Chardin peint son dernier autoportrait, et une fois pour toutes, règle ses comptes avec Diderot. S’il a fait si peu de visages, ce n’était pas, comme certains l’ont pensé, parce que sa médiocrité le vouait aux légumes et aux fruits, mais pour se consacrer aux bêtes mortes, dont personne ne veut. Il restera un homme des bois, un raboteux si l’on veut, mais il saura que toutes les couleurs tiennent entre le gris et le brun, et qu’il existe un monde entre un lièvre et lapin.
Extrait
Monsieur le critique,
Peignant aujourd’hui ce qui sera, sans doute, ma dernière œuvre, je viens vous prier de ne point en parler: vous n’y comprendriez rien.
Il s’agit d’un visage de vieil homme ; et ce visage est le mien. J’ai à présent près de quatre-vingts ans, Monsieur, et il me fallut tout ce temps pour avoir, enfin, un visage. Non qu’il fût fort intéressant, mais je suis curieux de cet être décapé qui n’est plus un Monsieur. Il me faut le décrire un peu, pour que vous puissiez le voir tel, sans lui ajouter quelque fard, qui le rendrait moins blême. Car mes joues fripées se passent de poudre, leurs rides sont à nu, et je vous assure qu’elles sont profondes. Je porte sur la tête un vieux bonnet de femme aux dentelles crasseuses, que je ne quitte plus, depuis que m’a quitté la seule femme que j’aie aimée ; il lui appartenait. Je déteste me salir le crâne, la peinture est tenace, et les bains me répugnent. Ils me dépouillent de cette odeur d’atelier, qui est ma seule parure. Sachez que je ne porte qu’un tablier, qui me sert aussi de peignoir, et qui doit être bien râpé. Je dis qu’il doit, car moi je ne vois pas ces choses, ou plutôt elles me plaisent. Je ne suis pas de ceux qui n’aiment la patine que sur les tableaux – et de ce fait les regardent fort mal.
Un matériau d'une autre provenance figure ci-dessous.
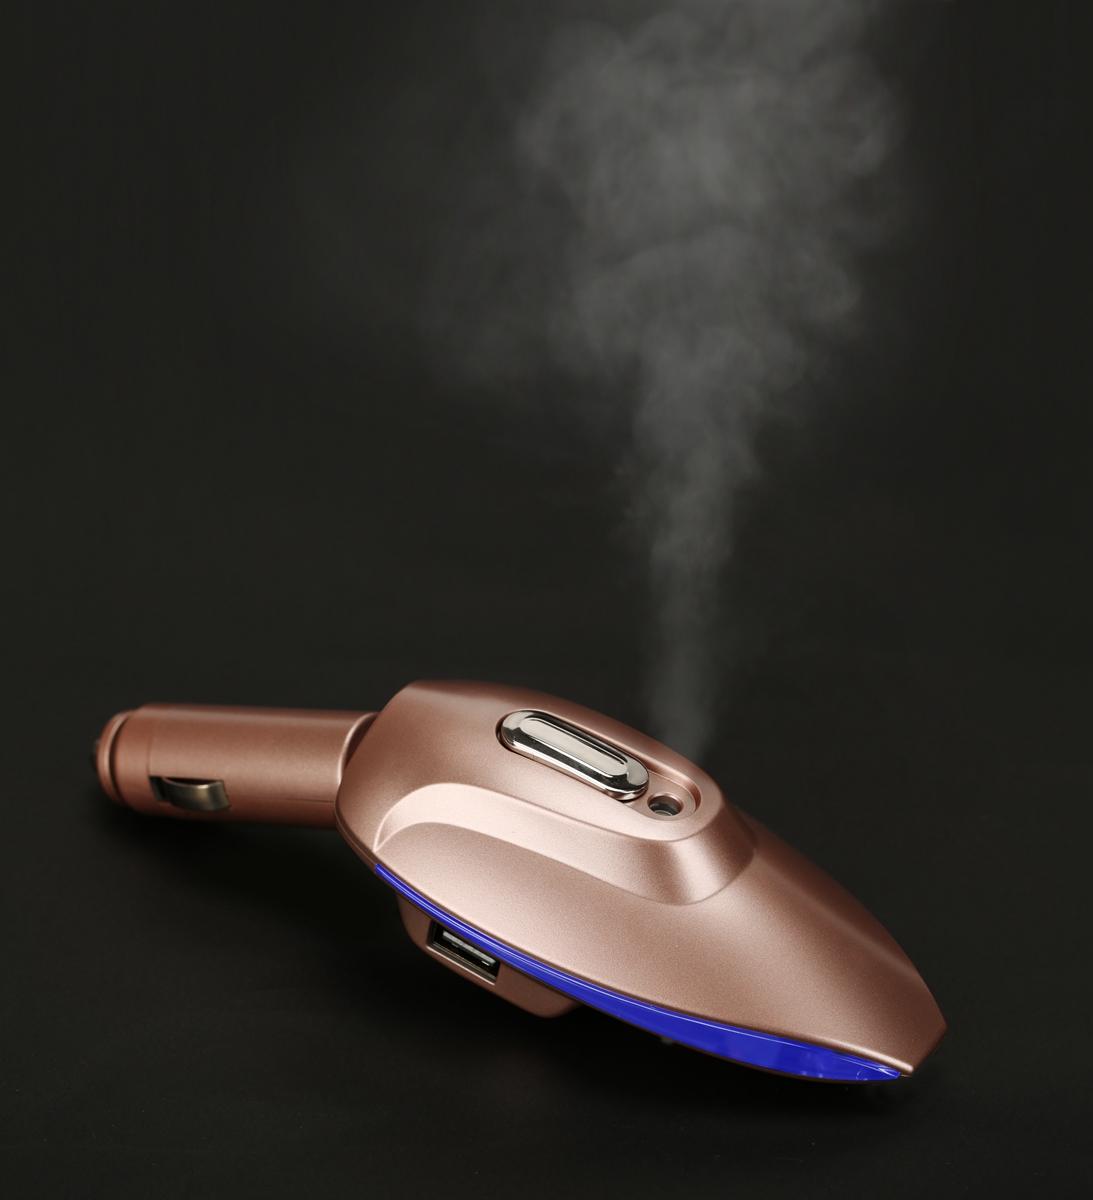 车载空气净化器除甲醛除异味负离子 车用加湿香薰喷雾器包邮

Les mêmes vous diront sans doute que mon goût de l’usé vise à masquer mon avarice. Écoutez-les ou non, je n’ai plus rien à prouver. Je vous dirai seulement que les pingres, souvent, s’efforcent de ne pas rester pauvres ; et moi, je ne suis pas riche.
Vous me ferez encore le plaisir de ne point rire de mes bésicles, qui me tombent sur le bout du nez. Les verres en sont épais, j’entends déjà les sarcasmes, on dira qu’avec ces yeux-là, il n’y a pas à s’étonner que je fusse mauvais peintre. Moi, je dirai le contraire, et qu’un artiste sincère aura toujours, après soixante ans de carrière, les yeux ruinés. D’ailleurs si vous regardez bien, vous verrez que mon regard n’est pas éteint, mais chargé, comme on le dit d’une langue après un trop copieux dîner : appesanti par les beautés qui sont passées, et lui ont, trop souvent, échappé.